I called my class Registry and decided to make it singleton. It contains static enum Hive that enumerates all standard registry hives (HKLM, HKCU, HKCR etc). It implements the following public methods:

  • keys(Hive hive, String path)
  • values(Hive hive, String path)
  • get(Hive hive, String path, String name)
  • createKey(Hive hive, String path)
  • put(Hive hive, String path, String name, String value)
  • removeKey(Hive hive, String path)
  • removeValue(Hive hive, String path, String name)

The implementation is based on invocation of private native methods declared in WindowsPreferences class using reflection:

private <R> R call(String methodName, Class[] types, Object[] args) {
  try {
    Method m = winPrefClazz.getDeclaredMethod(methodName, types);
    return (R)m.invoke(null, args);
  } catch (Exception e) {
    throw new RuntimeException(e);

Here is the example how this method is used. This is what I would like to write:

int hresult = WindowsRegCloseKey(handle);

This is what I have to do instead:

int result = call("WindowsRegCloseKey", new Class[] {int.class}, new Object[] {handle});

Using reflection sometimes has some benefits. For example methods that enumerate registry keys and values are very similar but they call different native methods (e.g. WindowsRegEnumValue and WindowsRegEnumKeyEx). So methods childrenNamesSpi() and keysSpi() are almost duplicate in WindowsPreferences. Using reflection allows creating one implementation for both cases.

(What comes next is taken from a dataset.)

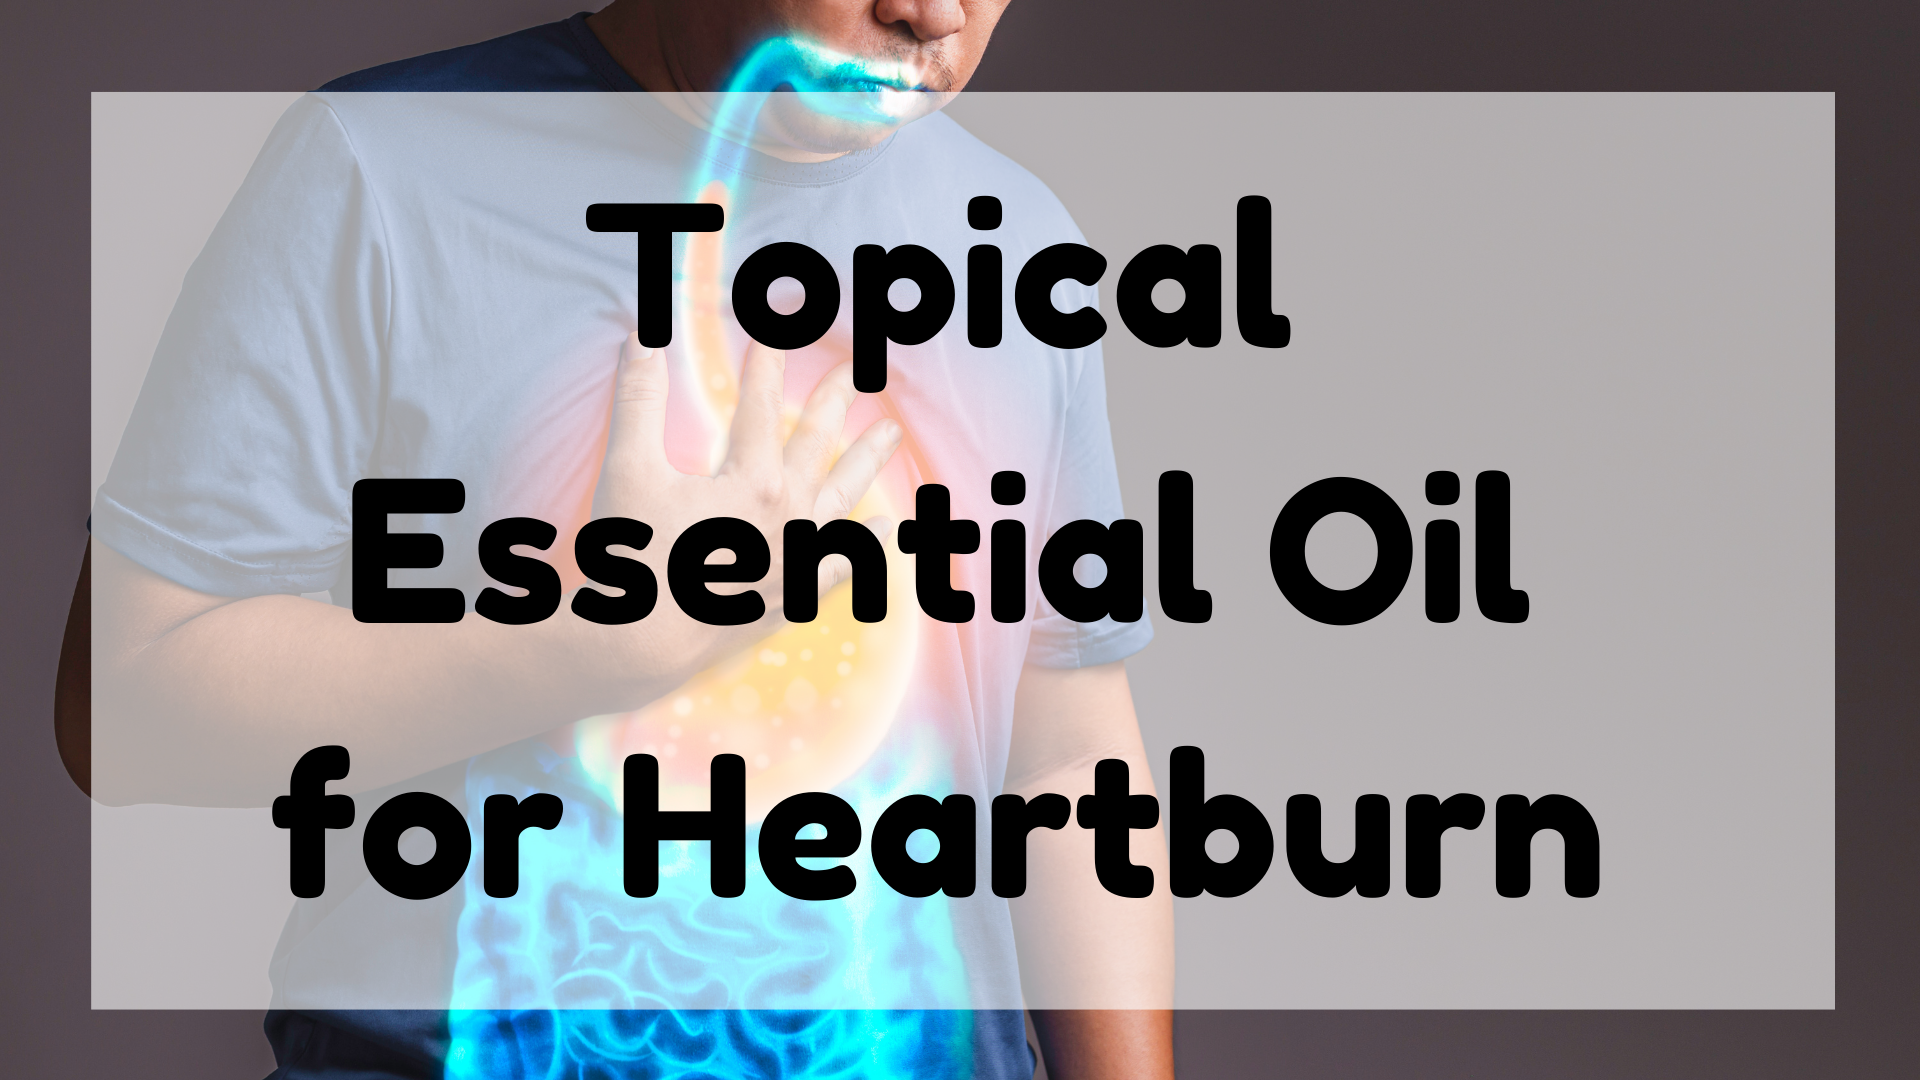 Topical Essential Oil for Heartburn featured image

Careful examining of the API exposed by registry class shows that it is limited to work with string values only: method put accepts value of string type, method get returns string. Unfortunately this is the limitation of current approach. Class WindowsPreferences is not designed to work with other value types. Native method WindowsRegSetValueEx works with string values only; attempt to retrieve value of other type using WindowsRegQueryValueEx returns null.

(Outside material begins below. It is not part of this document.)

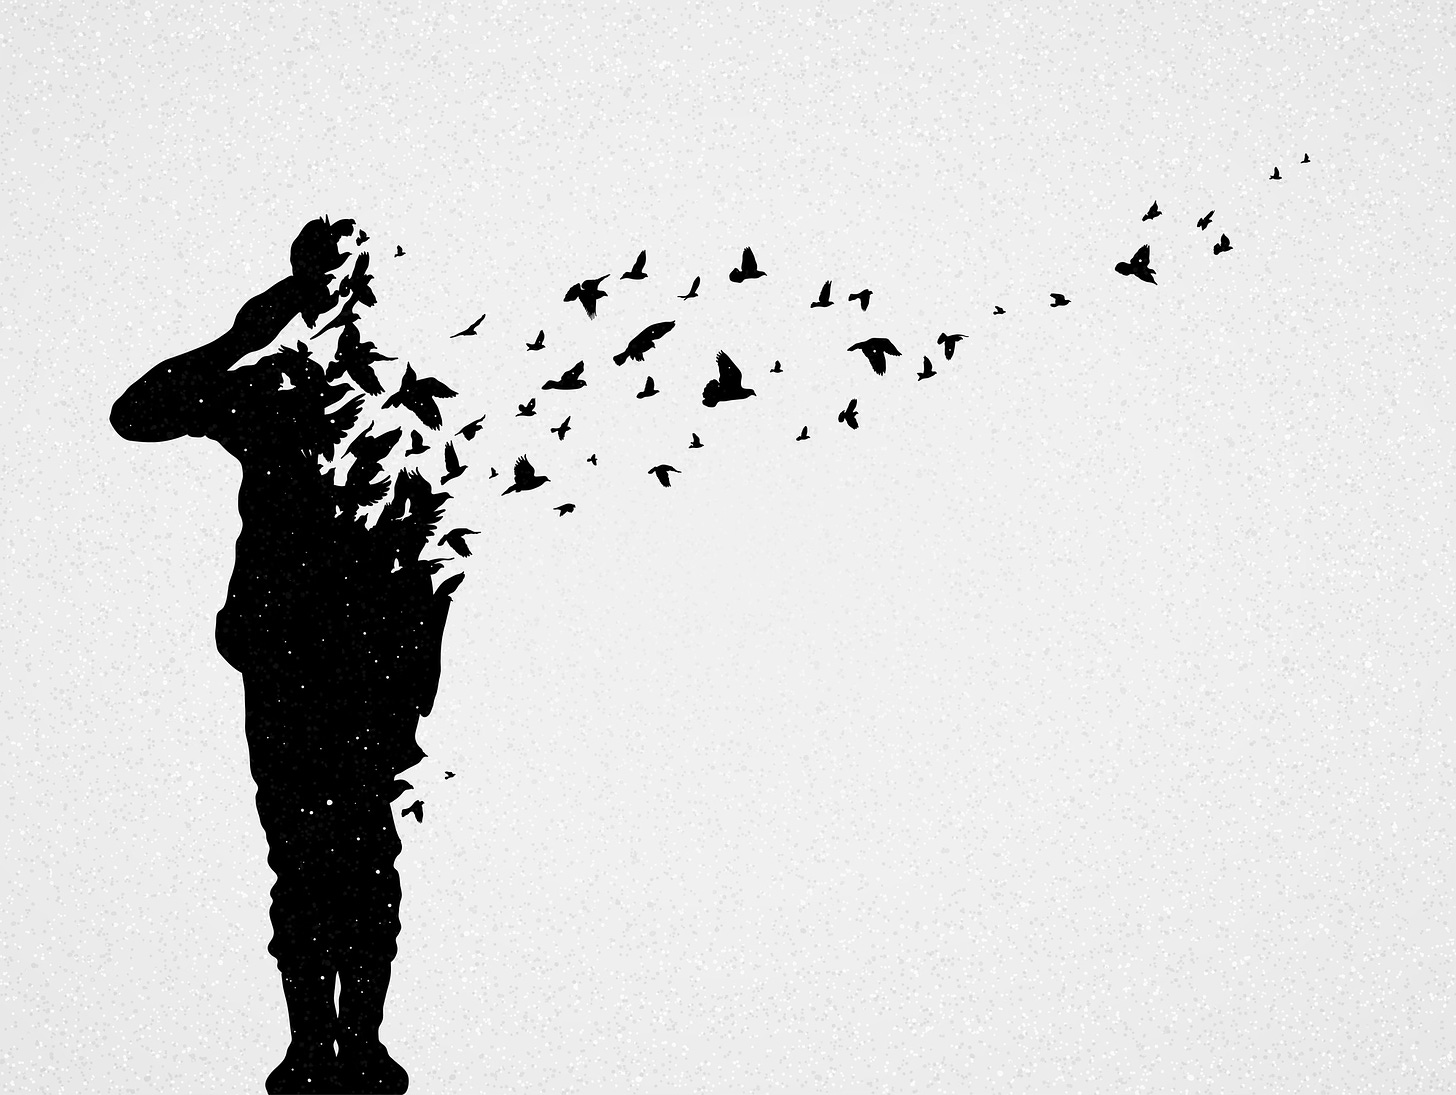 silhouette of a soldier saluting while he fragments into birds flying away

Java programmers are regular to use native libraries to utilize platform specific features. But sometimes some of the features are already implemented by JVM but just not exposed as a public API. Investigation of JDK classes and utilizing of reflection allows us to get access to windows registry with simple and very compact java code. The implementation deals with string values only that is a serious limitation but still can be used because most values stored in registry are strings. The suggested technique is most useful when code size is critical. For example for applications started using JNLP.

Full source code of Registry class and unit test may be found here.


I found this trick myself and wrote this article. Then I googled "read windows registry with java" and found at least 2 similar implementations:

I have no idea why I did not search web before writing the code... The advantage of my solution is that I implemented full API that can be used in any application while these guys just showed that this solution is possible.